The Presence and Diversity of Nematodes in the Soil and their Potential to Damage Crops Grown in These Soils

For the cropping soil, plants growing in uninoculated unsterilised and sterilised soils had greater shoot length than those planted in inoculated soil. On the other hand, plants grown in inoculated sand had greater shoot length than those planted in uninoculated soil. Reductions in shoot and root length showed that the soils contained nematodes that could damage crops.⁴ However, the higher shoot and root lengths in uninoculated soils showed that the soil had the potential to counter the harmful effects of nematodes in the soil. Nonetheless, the sandy parts of the soil could benefit from inoculation with microbial populations.

The Presence and Abundance of Phytophthora in the Soils

The baiting test did not show any signs of infestation by P. cinnamomi.

Recommendations

From the above observations, PPAT3003 Microbiology Services recommends that the following actions should be taken in Eveleigh Hills to maintain the biological diversity of the soil and its functionality. Other benefits that will be achieved from implementing these recommendations include enhancement of the quality of degraded soils and promoting biological resilience.

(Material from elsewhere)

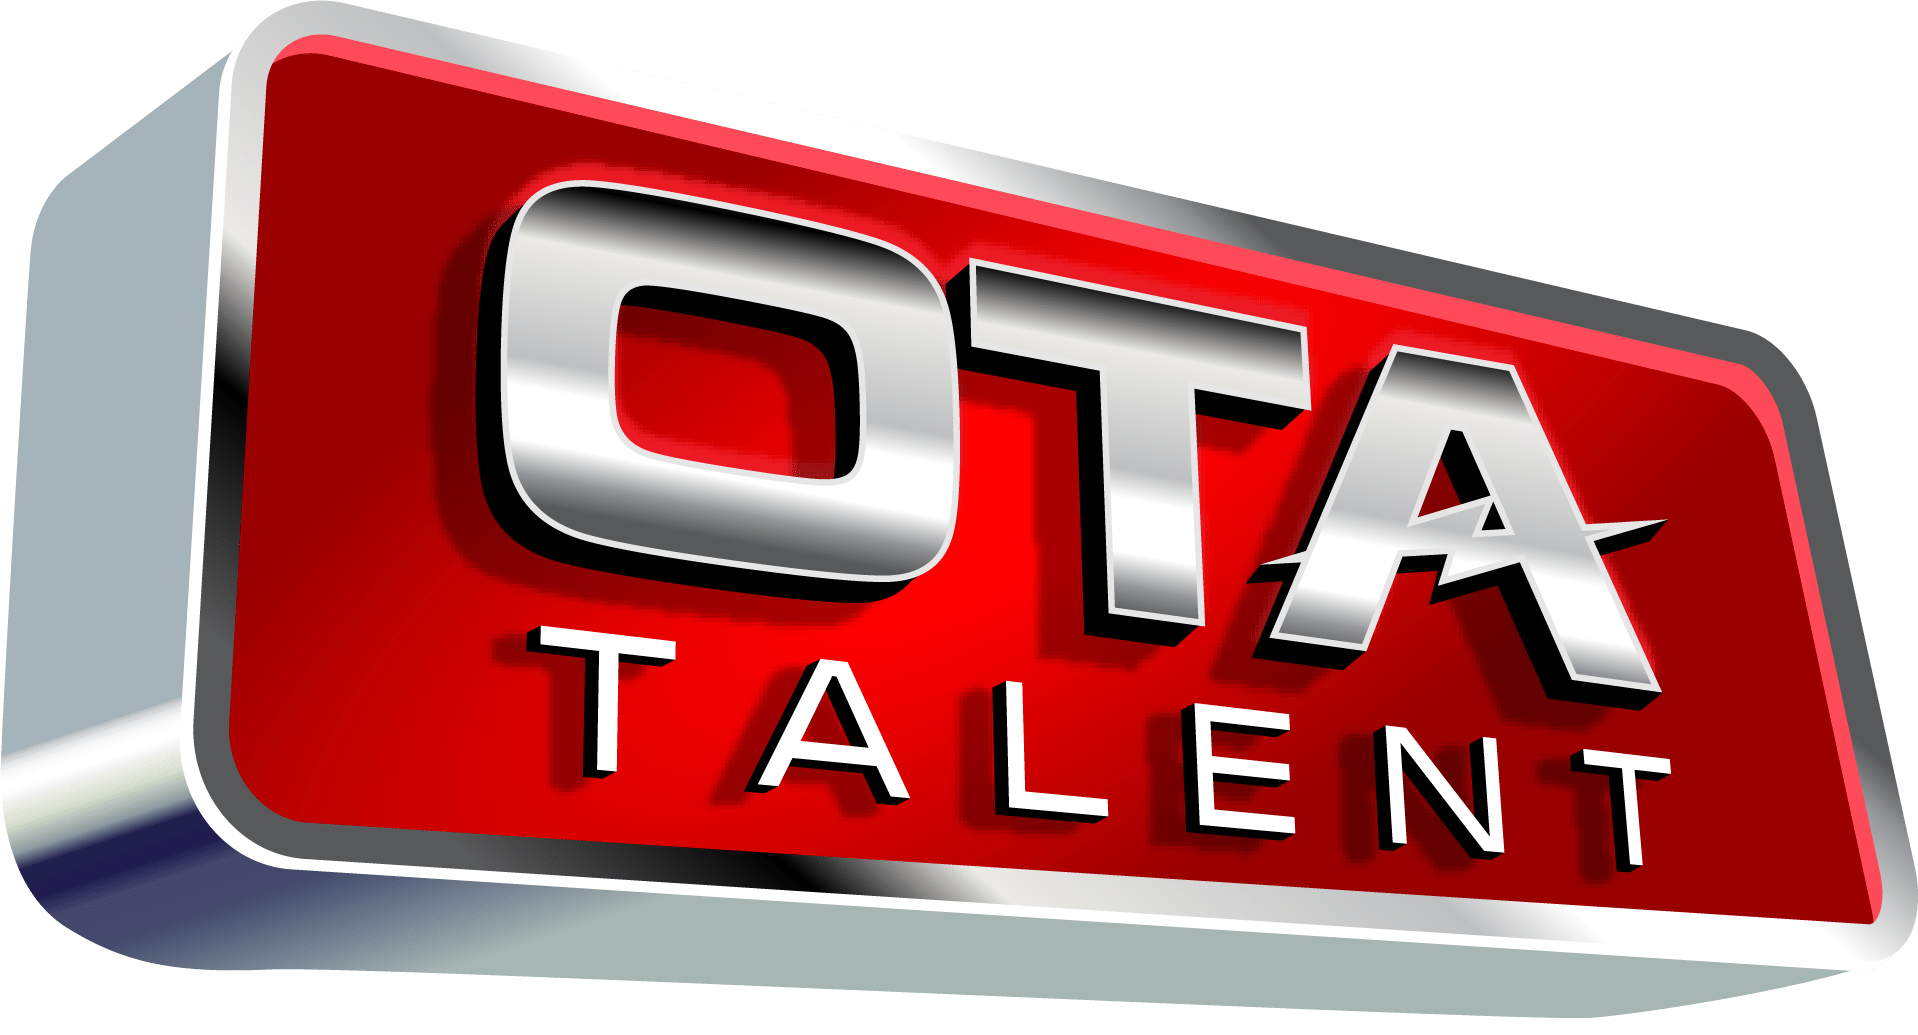 OTA Talent Final Logo - twist

• Parts of the farm with sandy soil should be inoculated with an array of microbial populations to enhance the resistance of crops to nematodes.
• The soils should be irrigated to provide the optimum moisture levels for the growth of legumes and other crops given the low moisture content.
• Plant legumes to improve the physical and chemical properties of the soil such as the reduction of pH, which means that more legumes should be planted.
• The low biological activity of the soil necessitates the application of stable organic matter.

Conclusion

This report uses various tests to draw different conclusions regarding the biological health of Eveleigh Hills soil under cultivation. The analytical scope included soil function, microbial activity, diversity, soil’s suppression ability of the root-knot nematode and possible infestation by Phytophthora. The report finds that the suitability for cropping is moderate on cultivated soil. The key recommendations include inoculation of sandy soils with microbes to improve resistance to soil nematodes, irrigating and applying stable organic matter. PPAT3003 Microbiology Services accepts the limitations of the analysis and admits that the views presented herein may differ from those given by other consultant agencies.

Footnotes

1. Thoumazeau, A, Gay, F, Alonso, P, Suvannang, N, Phongjinda, A, Panklang, P, Chevallier, T, Bessou, C & Brauman, A 2017, ‘SituResp®: A time-and cost-effective method to assess basal soil respiration in the field’, Applied Soil Ecology, vol. 121, pp. 223-230.
2. Redondo, MA, Boberg, J, Stenlid, J & Oliva, J 2018, ‘Functional traits associated with the establishment of introduced Phytophthora spp. in Swedish forests’, Journal of Applied Ecology, vol. 55, no. 3, pp. 1538-1552.
3. Moir, J, Jordan, P, Moot, D & Lucas, R 2016, ‘Phosphorus response and optimum pH ranges of twelve pasture legumes grown in an acid upland New Zealand soil under glasshouse conditions’, Journal of Soil Science and Plant Nutrition, vol. 16, no. 2, pp. 438-460.
4. Zhao, D, Zhao, H, Zhao, D, Zhu, X, Wang, Y, Duan, Y, Xuan, Y & Chen, L 2018, ‘Isolation and identification of bacteria from rhizosphere soil and their effect on plant growth promotion and root-knot nematode disease’, Biological Control, vol. 119, pp. 12-19.